Они выбрались уже к Николаевскому мосту, минуя памятник Николаю Первому перед Мариинским дворцом, при открытии которого какой-то оставшийся полиции неизвестным шутник прицепил к бронзовому коню императора картонку с надписью «Не догонишь!», намекая, должно быть, на скачущего впереди Медного всадника.
— А как же броненосцы, секретная броня, морское сражение? Я же предатель! — со слезами в голосе вскричал Костя.
— Ну, только застрелиться не вздумай, — хмыкнул Андрей Львович, задумчиво пошевеливая вожжами. — Тут уже вовсе другая петрушка получается… Чертежи-то и в самом деле ни при чем!
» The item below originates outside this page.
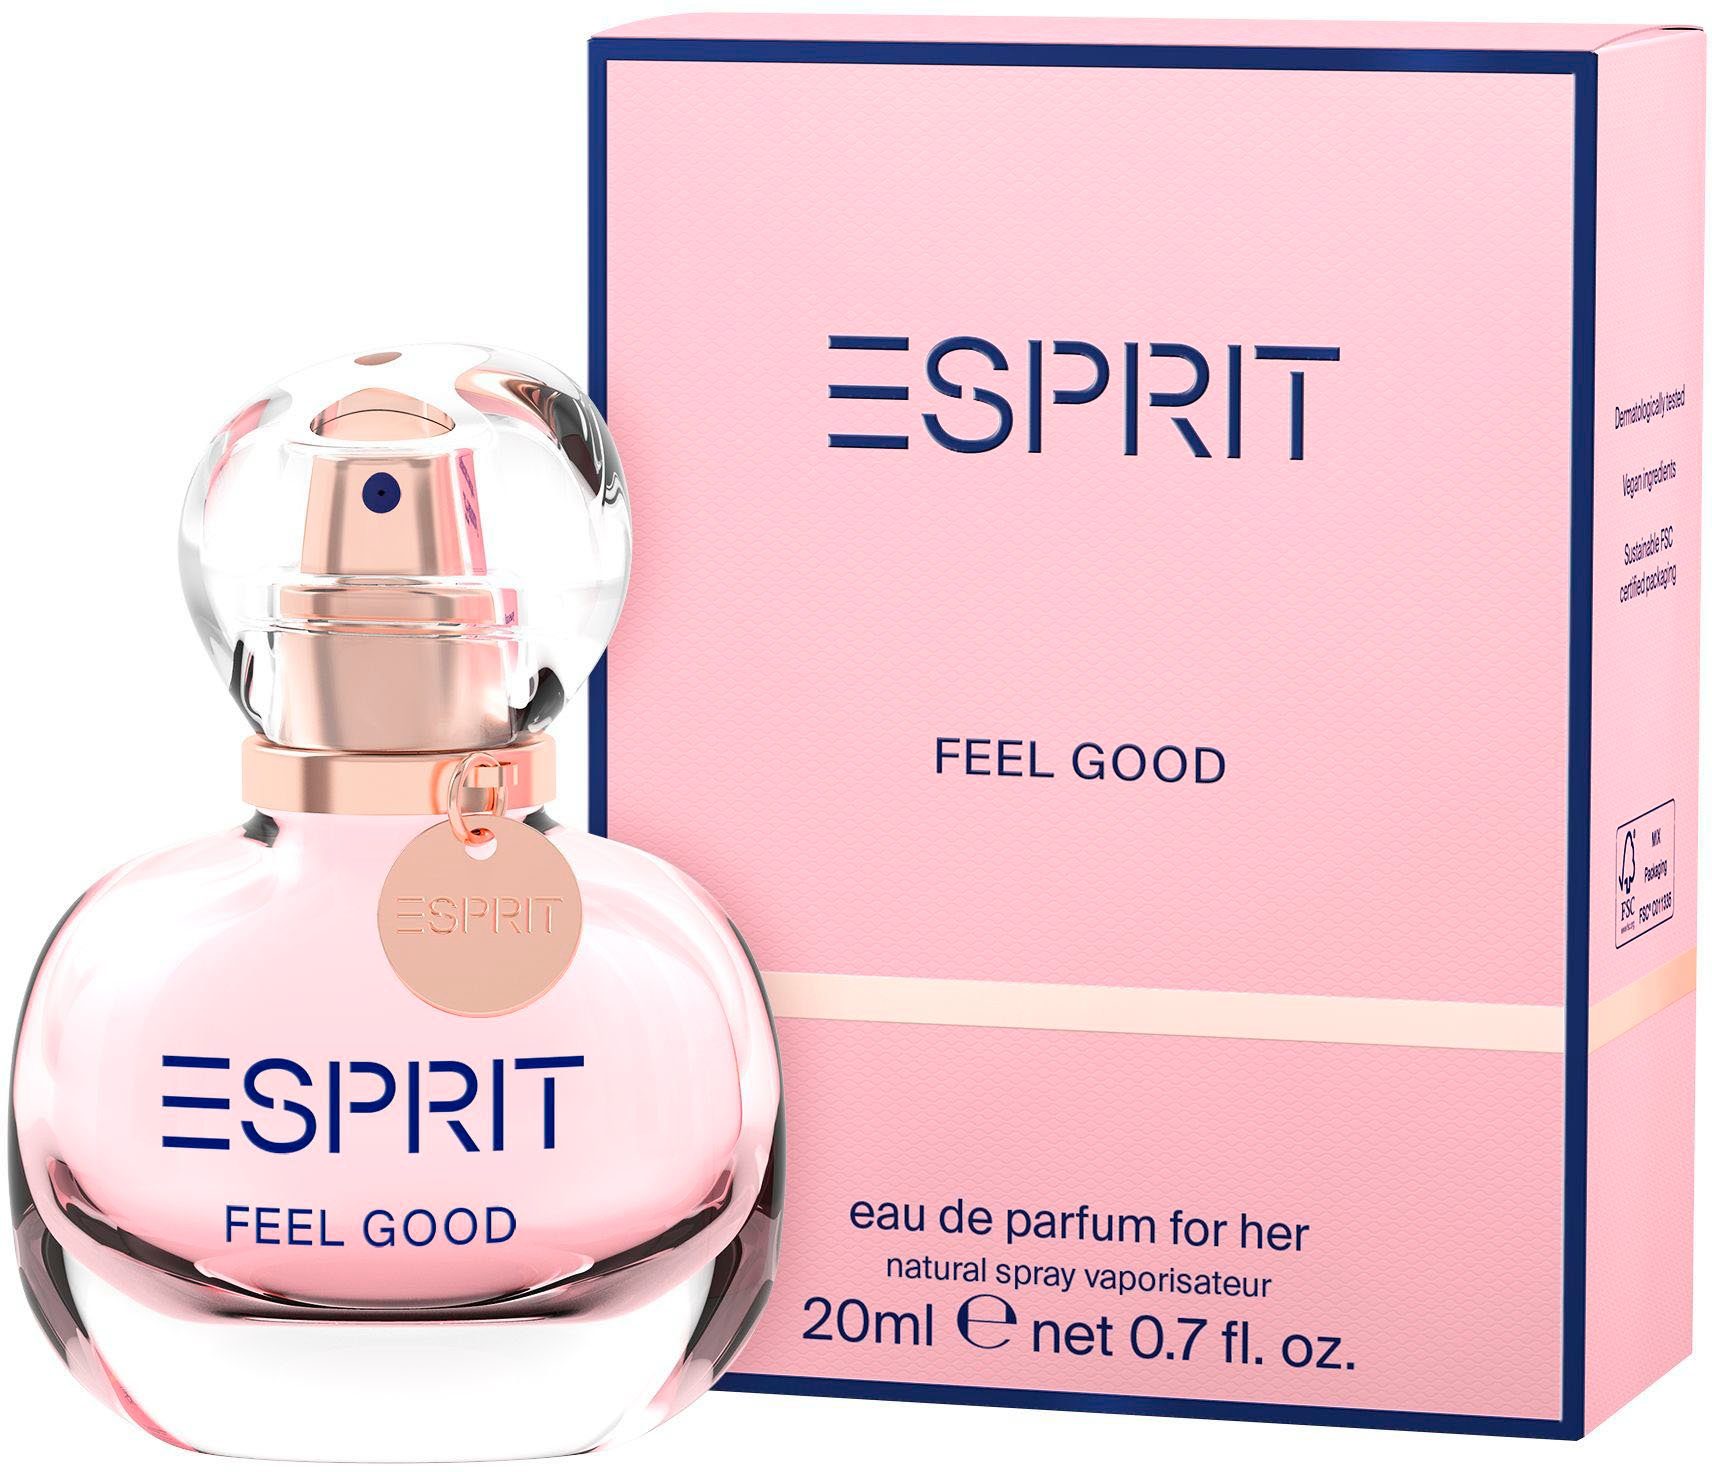 Esprit Eau de FEEL EdP 20 GOOD her ml Parfum for

Радуйся, княжна твоя — не шпионка, хотя проходимка порядочная… Пахло от «вещицы», говоришь, краской типографской?
— Да, как свежая газетка! — снова радуясь жизни и играя рыбкой, сказал Костя, только сейчас почувствовав, как тяготила его эта невысказанная история.
— А этот господин Белавин — он каков? Такой рослый, кряжистый, голова квадратная?
— Да! — охотно подтвердил Костя. — А вы и его знаете?!
— Ты правду говори, а не мне удовольствие доставляй! — оборвал его советник.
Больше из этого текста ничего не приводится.